А пока неделя только началась, и все
гуляют, радуясь, что хотя бы одна, причём самая большая беда
сегодня не грозит. И только двое преступников – Шооран и его мама
не могут позволить себе отдых. Приказ одонта строг: в течение трёх
дней – восемь ямхов харваха. Когда мама привела домой избитого
Шоорана, мешки с мокрым зельем уже дожидались её. Мама развязала
один из мешков и тихо ахнула: набранный на далёких от границы
островах, долго и небрежно хранившийся харвах слежался и уже
начинал преть. Сушить его надо было немедленно, и мама, не сказав
больше ни слова, взвалила пару мешков на спину и отправилась к
большому авару, особенно далеко вторгавшемуся на сухую полосу,
«своему авару», как называла она его.
Шооран, превозмогая боль в
истерзанной острым хитином спине, тоже подошёл к одному из мешков.
Плох был харвах, хуже некуда.
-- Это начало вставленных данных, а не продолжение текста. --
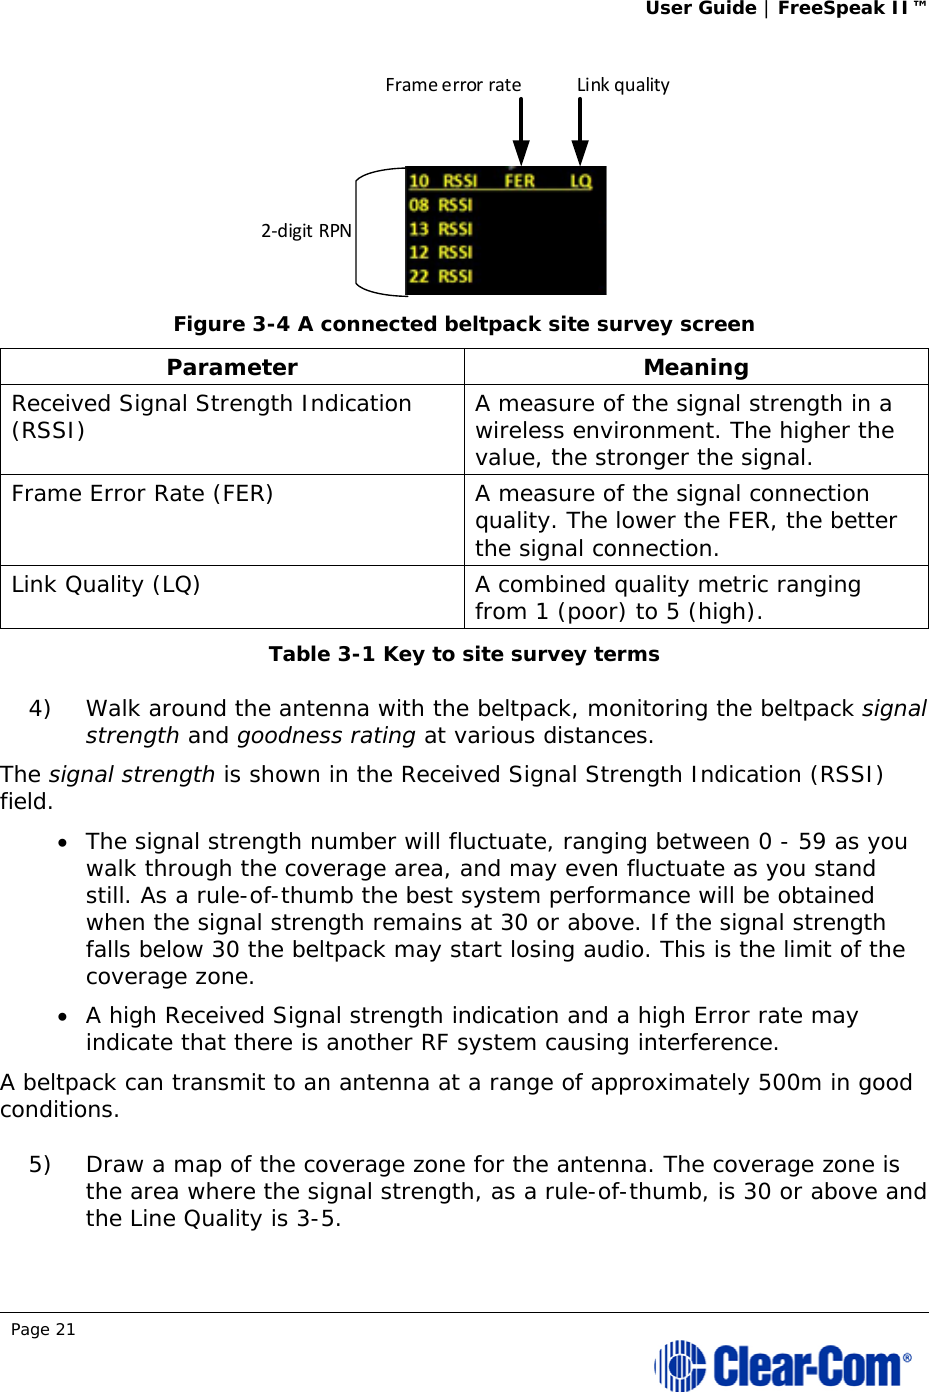 User Guide | FreeSpeak II™  Page 21   Figure 3-4 A connected beltpack site survey screen Parameter Meaning Received Signal Strength Indication (RSSI)  A measure of the signal strength in a wireless environment. The higher the value, the stronger the signal. Frame Error Rate (FER)  A measure of the signal connection quality. The lower the FER, the better the signal connection. Link Quality (LQ)  A combined quality metric ranging from 1 (poor) to 5 (high). Table 3-1 Key to site survey terms 4) Walk around the antenna with the beltpack, monitoring the beltpack signal strength and goodness rating at various distances.  The signal strength is shown in the Received Signal Strength Indication (RSSI) field.   The signal strength number will fluctuate, ranging between 0 - 59 as you walk through the coverage area, and may even fluctuate as you stand still. As a rule-of-thumb the best system performance will be obtained when the signal strength remains at 30 or above. If the signal strength falls below 30 the beltpack may start losing audio. This is the limit of the coverage zone.   A high Received Signal strength indication and a high Error rate may indicate that there is another RF system causing interference. A beltpack can transmit to an antenna at a range of approximately 500m in good conditions. 5) Draw a map of the coverage zone for the antenna. The coverage zone is the area where the signal strength, as a rule-of-thumb, is 30 or above and the Line Quality is 3-5.  2‐digitRPNFrameerrorrate Linkquality

Ни у одного из сборщиков мама не
стала бы брать такой. Шооран, присев на корточки, старался
распушить слипшуюся рыжую массу, выбирал попадающиеся кусочки
листьев и молча, про себя, чтобы и всезнающий Тэнгэр не услышал,
чёрными словами ругал одонта, толстомордого наследника, его
бесчестных прихлебателей, сборщиков, наскрёбших где‑то этот, с
позволения сказать, харвах, чиновного баргэда, принявшего такую
работу. Проклинал и гнилой хохиур, спасший их с мамой год назад и
продолжающий кормить до сегодняшнего дня.
С грехом пополам перебрав один мешок,
Шооран понёс его маме. Нести мешок на спине не мог – хитиновая
плётка из живого волоса иссекла кожу на спине. Спасибо Многорукому,
что палач не взялся за хлыст – чешуйчатый ус парха бьёт хуже
топора.
Мама стояла перед жарко светящимся
аваром, мокрый харвах шипел на раскалённой поверхности, удушливый
пар поднимался столбом. В одной руке мама держала метёлку из
ненавистного отныне волоса, собранного по краю далайна, в другой –
лопатку, вырезанную из панциря какой‑то твари. Надо было успеть,
прежде чем высушенный и прокалённый харвах вспыхнет, смести его в
подставленную посудину. Эти пятнашки со смертью и составляли суть
работы сушильщика.
Шооран, замерев, следил за мамиными
движениями. Шелковистые на вид пряди метёлки трещали, касаясь
огненной скалы, запах палёного рога заглушал даже вонь скворчащего
харваха. В какое‑то мгновение Шооран заметил, что на сметённой
поверхности остался след, должно быть, волос не смог сдвинуть
попавшийся в дурно собранном харвахе лист или кусочек стебля, и
тотчас оттуда, причудливо извиваясь, побежала огненная змейка.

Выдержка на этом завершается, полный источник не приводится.